= John Walker (numismatist) =

Scottish numismatist

John Walker, CBE, FBA, FSA (4 September 1900 – 12 November 1964) was a Scottish numismatist. He was Keeper of the Department of Coins and Medals at the British Museum from 1952 to his death in 1964; there, he was responsible for initiating the modern catalogue of the museum's Islamic coins.

== Early life ==
Born in Glasgow, Walker was the son of a carpenter. He attended the John Street School and the Whitehill School; he was briefly in the army during the end of the First World War and, on demobilisation in 1918, went up to the University of Glasgow; in 1922, he graduated with a first-class MA in Semitic languages. He then completed a teaching diploma at Jordanhill Training College before spending three years (1924–27) teaching at St Andrew's Boys School in Egypt. He returned to the University of Glasgow in 1927 as an assistant lecturer in Arabic, but then spent another three years in Egypt (1928–31), this time in the Ministry of Education.

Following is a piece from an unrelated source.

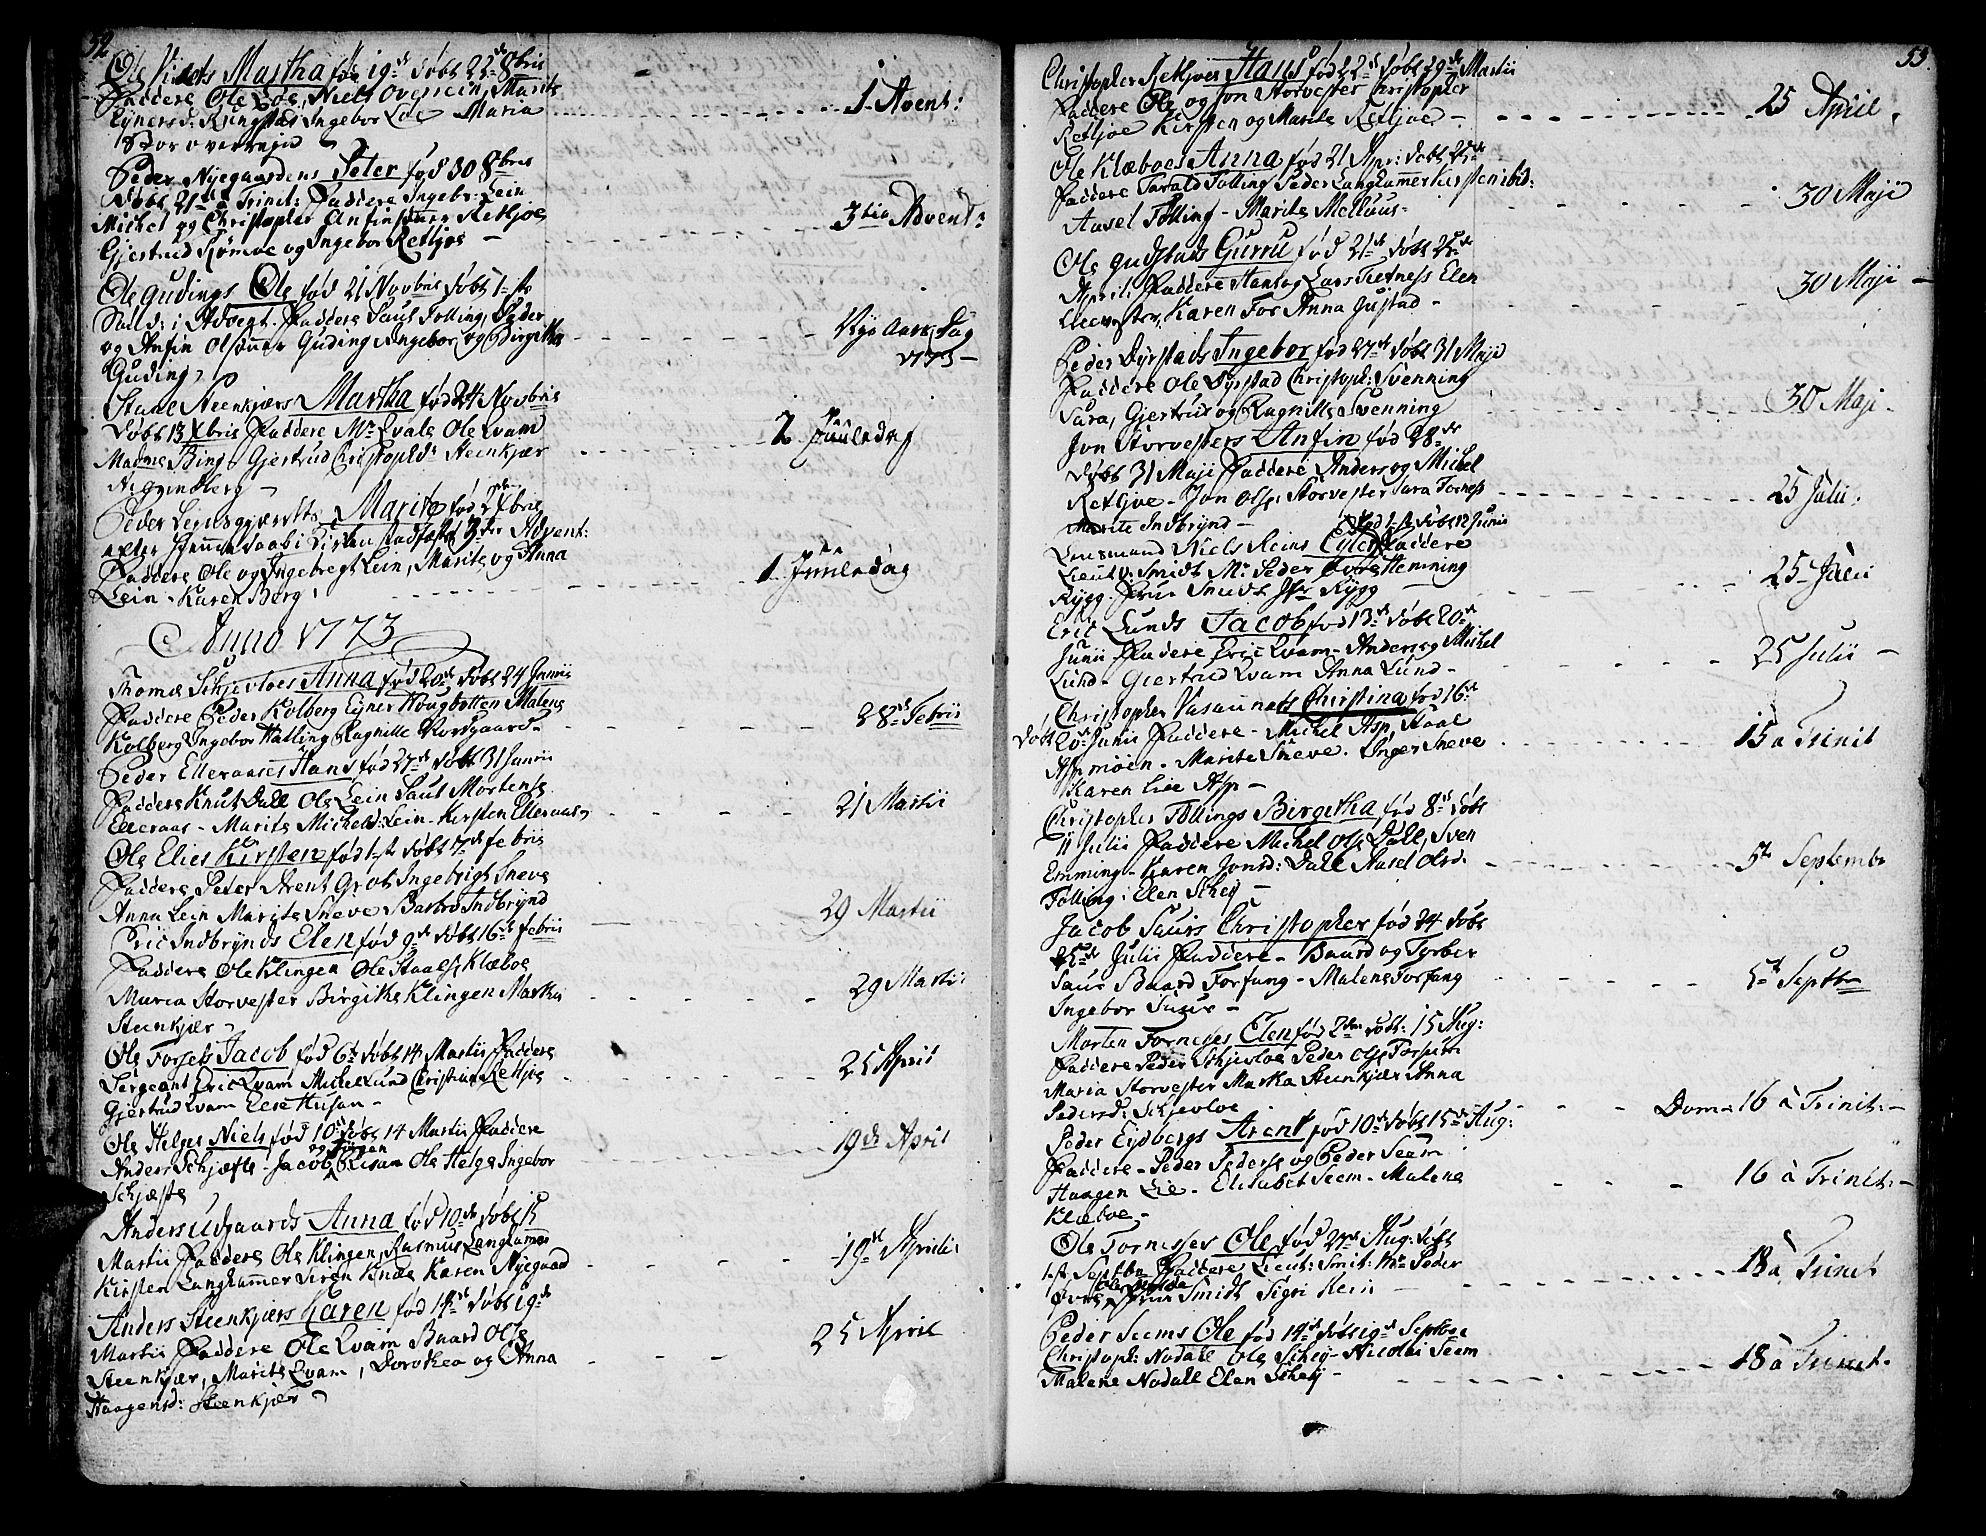 SAT, Ministerialprotokoller, klokkerbøker og fødselsregistre - Nord-Trøndelag, 746/L0440: Ministerialbok nr. 746A02, 1760-1815, s. 52-53

== Career at the British Museum ==
On his return to the UK in 1931, he found work as an assistant keeper at the Department of Coins and Medals in the British Museum, where was tasked with cataloguing the Islamic coins. By this time, he had written entries in encyclopedias about Islam and had published a popular work on the Quran. He authored another volume on folkloric medicine in 1934. In 1937, he was also appointed to a lectureship in the Arabic language and epigraphy at SOAS, which he held alongside his appointment at the British Museum until 1947. The first volume of his catalogue of the museum's coins appeared in 1941. Work on the project stalled during the Second World War, the last four years of which saw Walker appointed to the Air Staff Intelligence. Returning to the museum in 1945, he was appointed Deputy Keeper of the department in 1949 and then Keeper in 1952. The second volume of his catalogue was published in 1956. His time was, however, also taken up by the physical rebuilding and organisational restructuring of the department in the 1940s and 1950s. With his health failing, no further volumes appeared.

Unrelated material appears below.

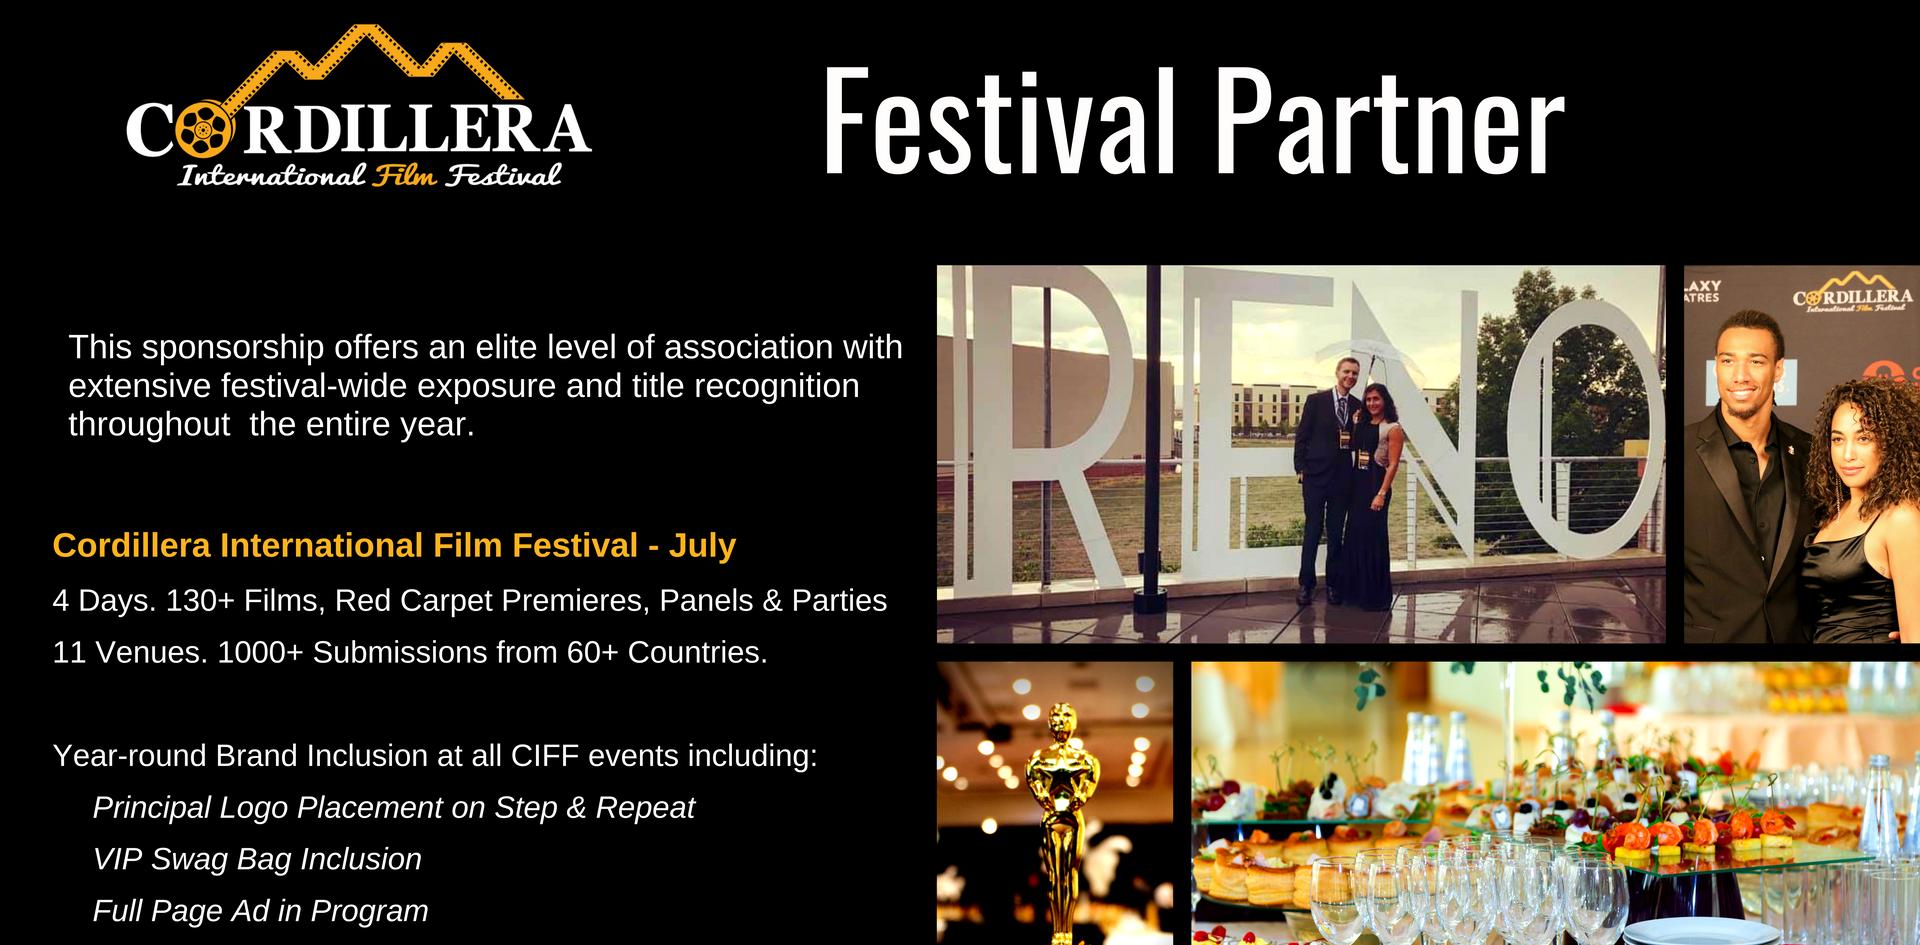 Festival Partner

Walker's achievement was substantial; he was recognised by the award of the DLitt from the University of Glasgow in 1942, the Huntingdon Medal of the American Numismatic Society in 1955 and the medal of the Royal Numismatic Society in 1956; he was elected a fellow of the British Academy in 1958 and appointed a Commander of the Order of the British Empire in 1963. He had also been secretary to the Royal Numismatic Society from 1948 to 1964 and co-editor of the Numismatic Chronicle from 1952 to 1964. He died, unmarried, on 13 March 1964.